С тех пор, как приходил вор, у Вареньки стали пропадать деньги. Куда могли пропадать деньги из запертой шифоньерки, никто не догадывался. И знали только Петя и Коля: Петя и Коля не хуже заправского вора влезали через форточку в спальню, отпирали шифоньерку и, не трогая водки, ели шоколадные лепешечки и брали мелочь. Крупное – бумажки они оставляли в покое и только всего раз или два был случай. Однажды, вернувшись из гимназии, Петя показывал десять рублей – он их нашел на дороге, так объяснял Петя. На эти деньги Петя купил себе на Камушке у старьевщика серебряные часы, а вскоре и у Коли появились часы-луковица. Как же было Финогеновым не вспоминать вора!

В городе среди купечества произошло важное событие. По мысли Арсения открылось новое коммерческое училище.
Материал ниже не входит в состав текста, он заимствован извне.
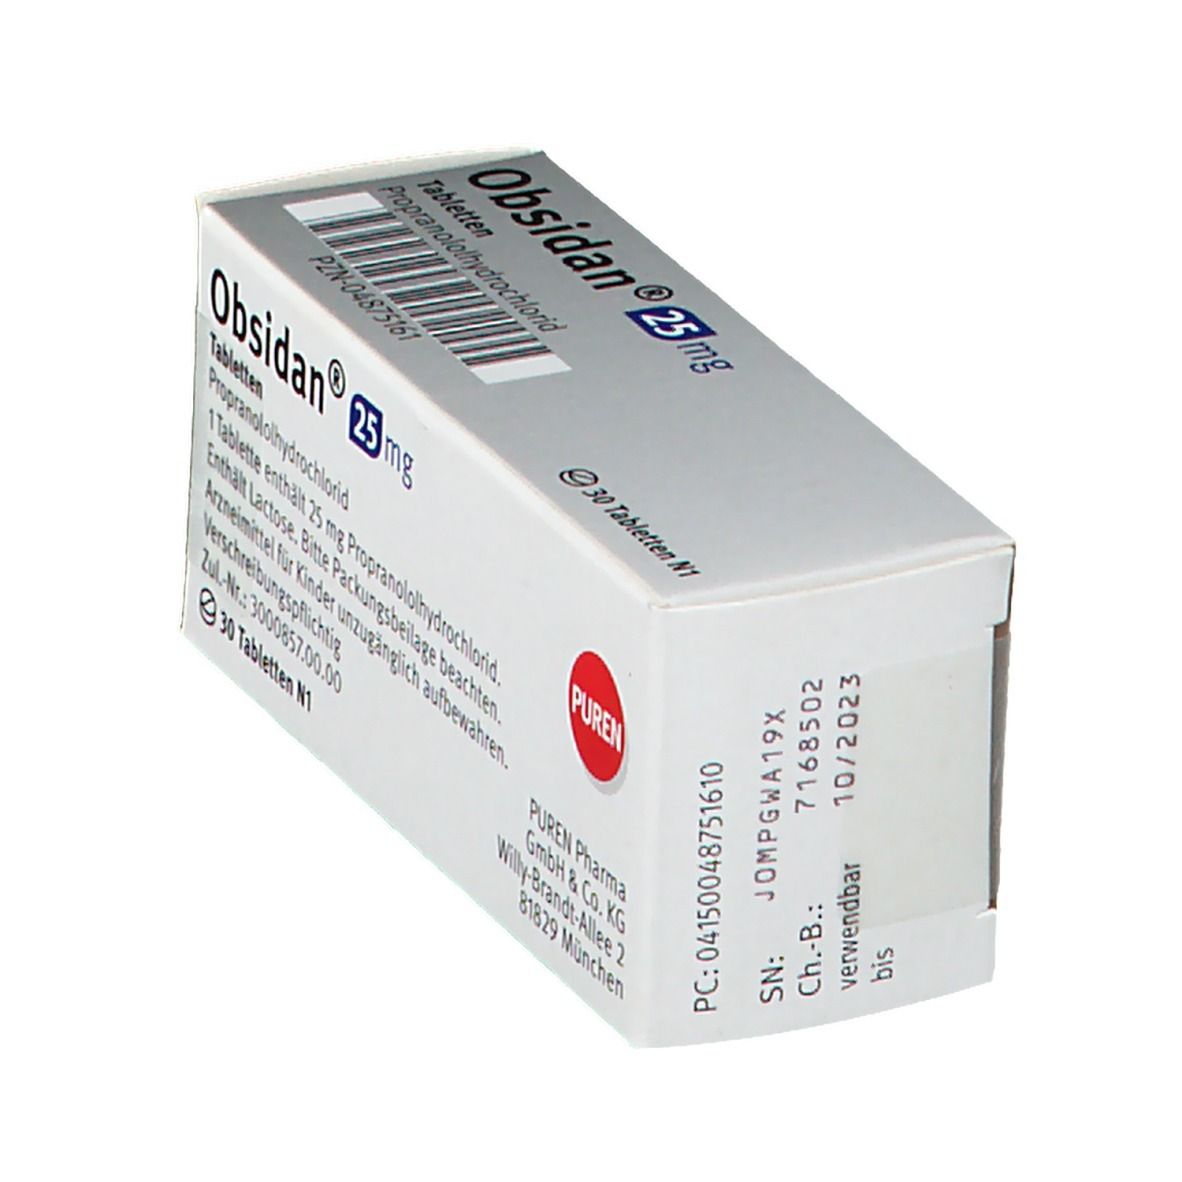 Obsidan® 25 mg

Основать образцовое коммерческое училище было давнишней мечтой Арсения, и под покровительством всемогущего князя он успешно осуществил ее, и в награду за это, кроме всяких благодарностей, получил он из Петербурга звезду, какой и у самого князя не было. Старались высокие друзья, над которыми Огорелышев, презирая их втайне, немало смеялся.

В новое коммерческое училище и перевели из гимназии Женю и Колю. Женю перевели, потому что он хворый и в коммерческом ему легче будет учиться, Колю просто так, заодно, чтобы Жене не было скучно. Женя числился на огорелышевской стипендии, за Колю платил Никита Николаевич – Ника Огорелышев.

Первое время в училище все шло хорошо. Женя и Коля перешли из класса в класс с наградами: Коля получил награду первой степени, Женя второй. Но уж во втором классе начались нелады, и в третий класс перевели Финогеновых не только без всяких похвальных листов, а с предупреждением оставить на второй год, и не столько за лентяйство, сколько за поведение.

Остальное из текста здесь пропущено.